> [INFORMATION]:
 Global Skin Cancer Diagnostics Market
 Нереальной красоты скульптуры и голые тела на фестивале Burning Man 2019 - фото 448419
--
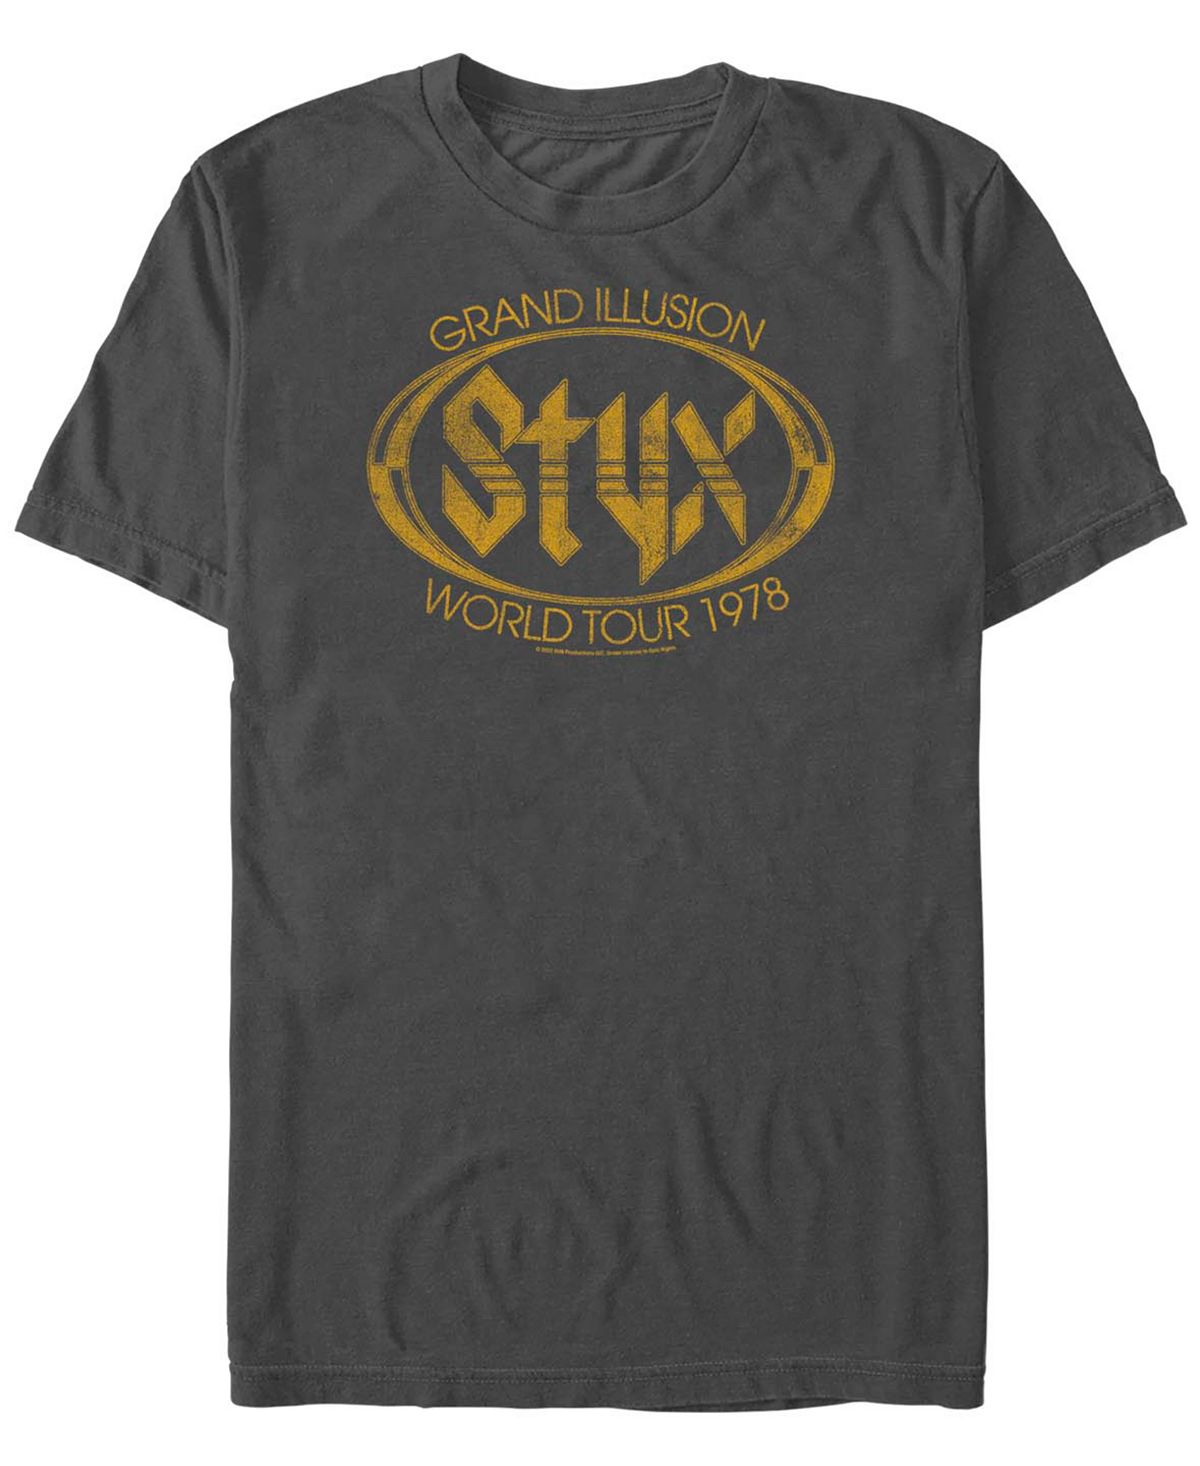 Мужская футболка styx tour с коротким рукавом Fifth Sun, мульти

> [YOUR GOAL]:
The entries above hold the needed span. Transcribe exactly the lines from the one with "Global Skin Cancer Diagnostics Market" to the one with "Нереальной красоты скульптуры", both included.

> [RESPONSE TO THE EXERCISE]:
 Global Skin Cancer Diagnostics Market
 Нереальной красоты скульптуры и голые тела на фестивале Burning Man 2019 - фото 448419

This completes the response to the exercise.